Ns1 dating in usa org
In contrast, the NS1 proteins of other influenza virus strains, including A/Victoria/3/75 (Vic), efficiently limit ISRE activation probably by blocking a posttranscriptional process (10).
These data suggest that, unlike other NS1 proteins, PR8/NS1 is incapable of inhibiting the posttranscriptional processing of cellular pre-m RNAs, and thus may limit the synthesis of IFN-β by a pretranscriptional mechanism that is distinct from the posttranscriptional process adopted by many other strains.
These data suggest that activation of PI3K signaling in influenza A virus-infected cells is important for efficient virus replication.
Influenza A viruses are globally important human and animal respiratory pathogens that are responsible for both seasonal “flu” outbreaks, and periodic world-wide pandemics (1).
We observed that activation of PI3K also aids the replication of influenza A virus.
By using reverse genetics, a mutant influenza virus (Ud strain) was generated that contains an amino acid substitution in NS1 at the highly conserved tyrosine residue 89.
Here, we report that NS1 binds directly to p85β, a regulatory subunit of phosphatidylinositol-3-kinase (PI3K), but not to the related p85α subunit.
This mutant is unable to bind p85β or activate PI3K signaling, and forms smaller plaques and grows less efficiently than WT Ud influenza virus.

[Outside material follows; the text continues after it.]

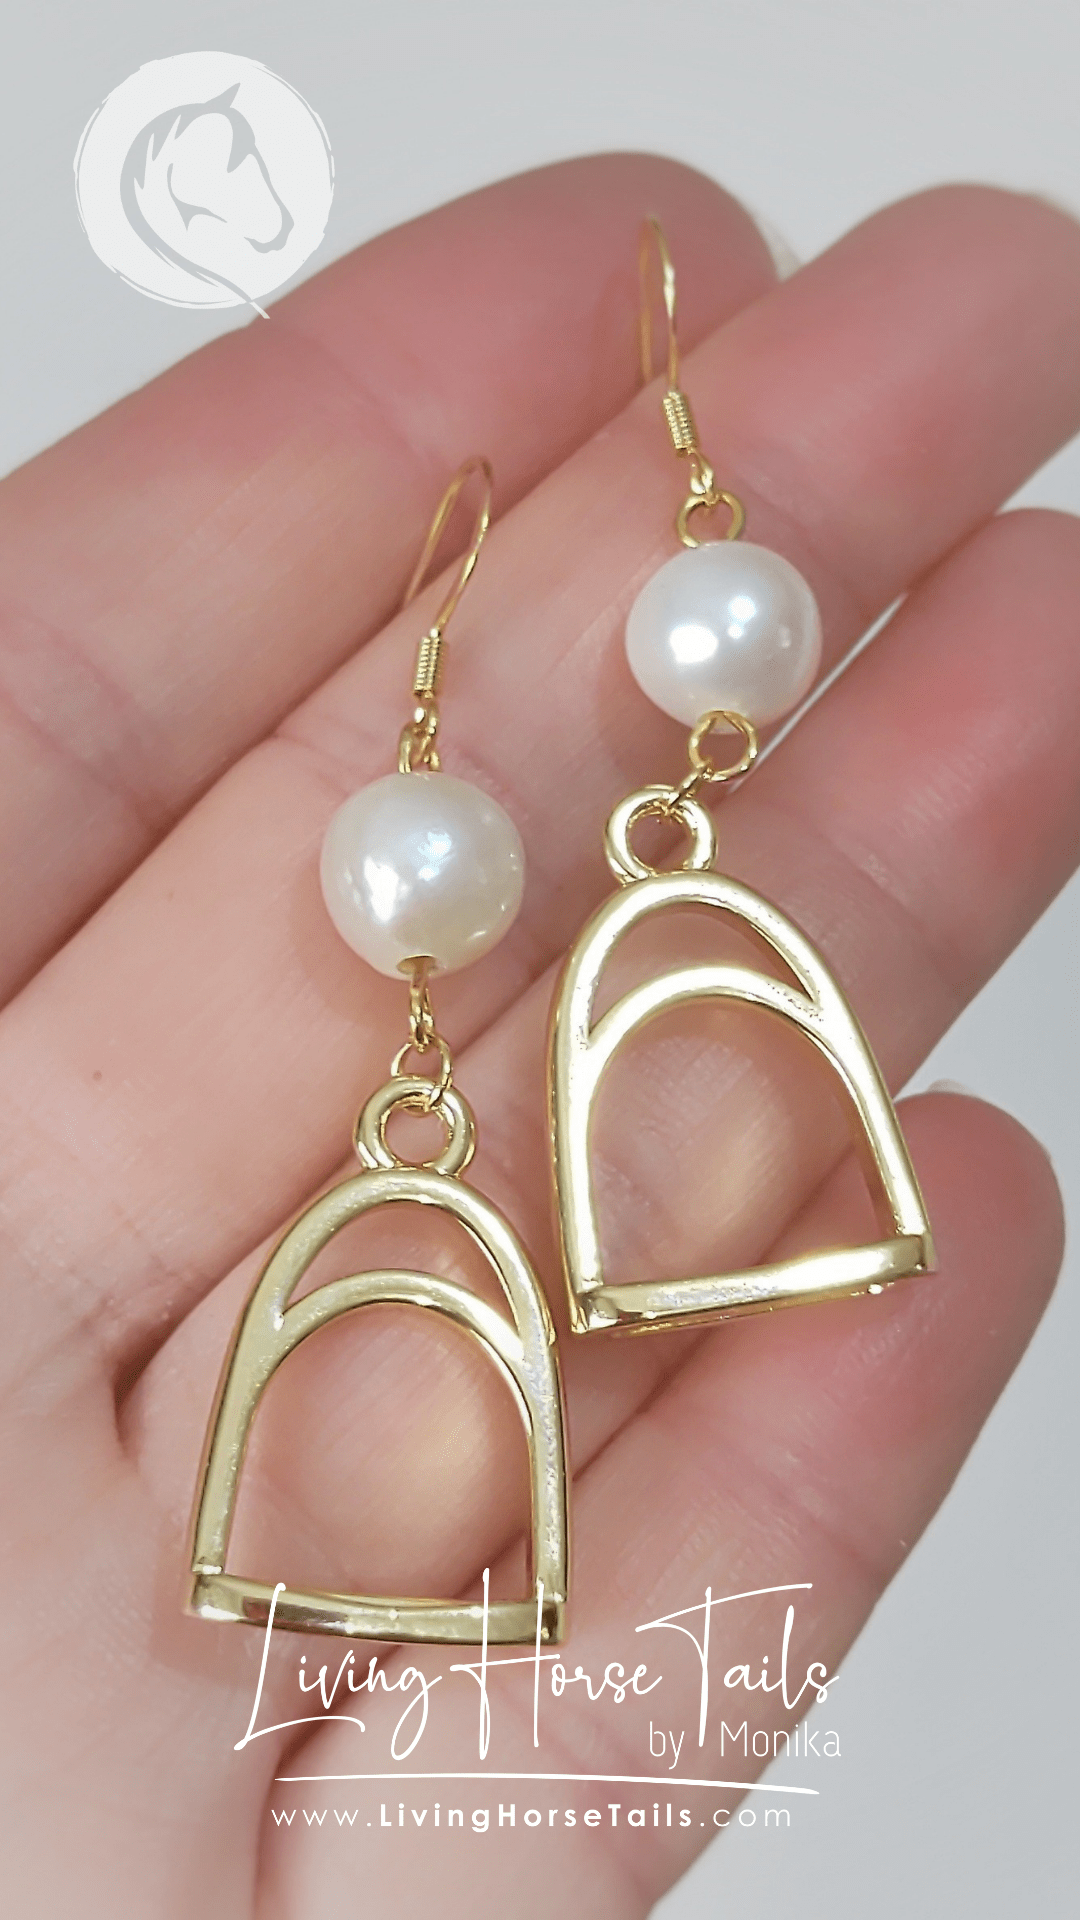 Living Horse Tails Gold pearl stirrup earrings Custom jewellery Monika Australia horsehair keepsake
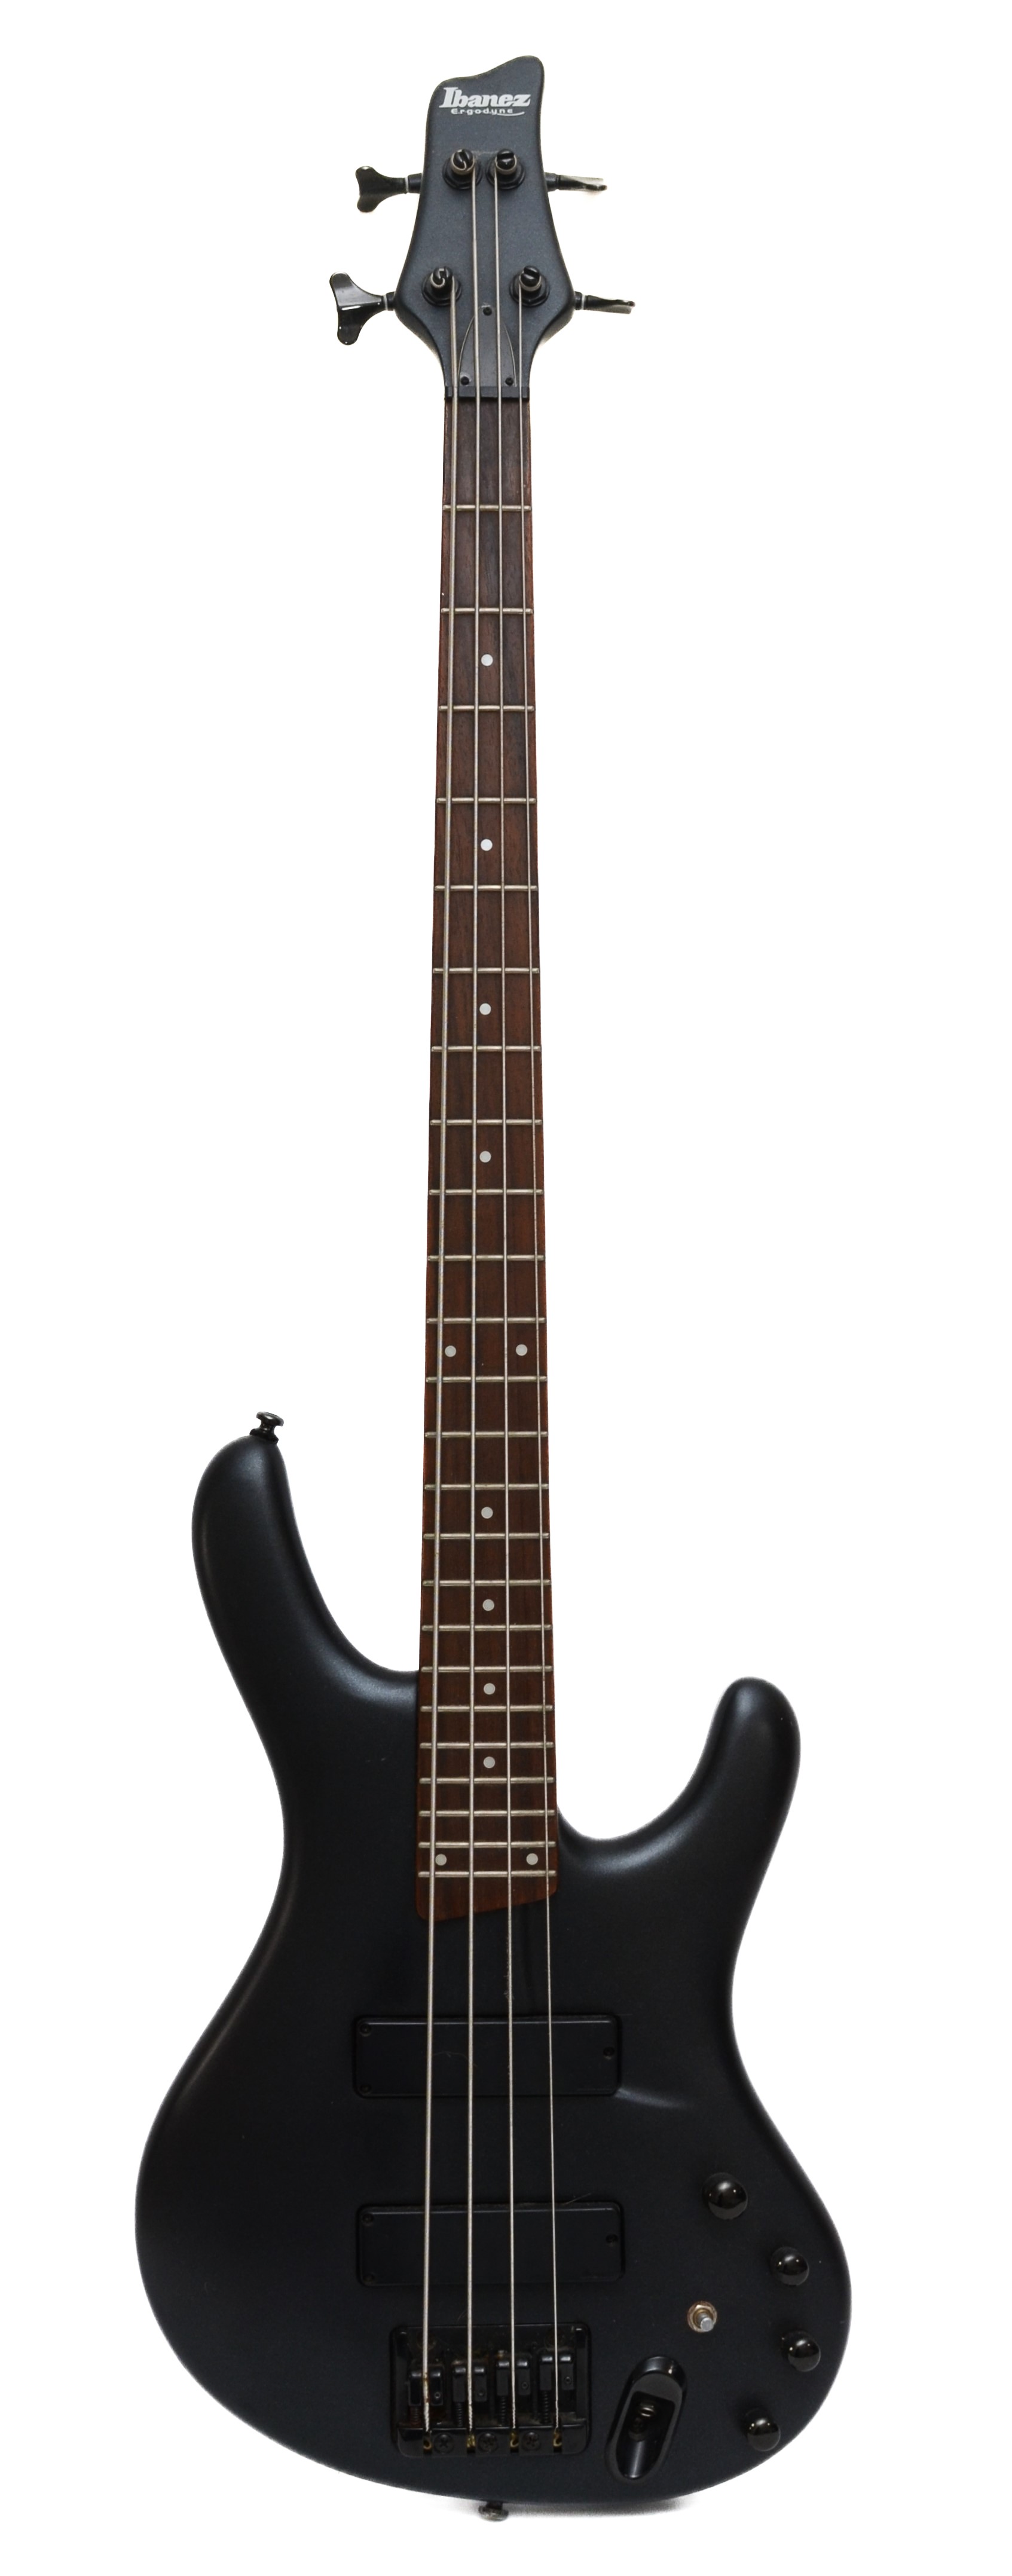 A Ibanez Ergodyne bass guitar, twin Ibanez pickups, black colourway, matt finish, 27inch neck length

A HEp2 cell line was isolated that constitutively expresses a V5 epitope-tagged form of PR8/NS1, an influenza virus protein that has been reported to limit both the production and downstream effects of IFN (3, 4).
Mutational analysis of a potential SH2-binding motif within NS1 indicated that the highly conserved tyrosine at residue 89 is important for both the interaction with p85β, and the activation of PI3K.
A mutant influenza virus (A/Udorn/72) expressing NS1 with the Y89F amino acid substitution exhibited a small-plaque phenotype, and grew more slowly in tissue culture than WT virus.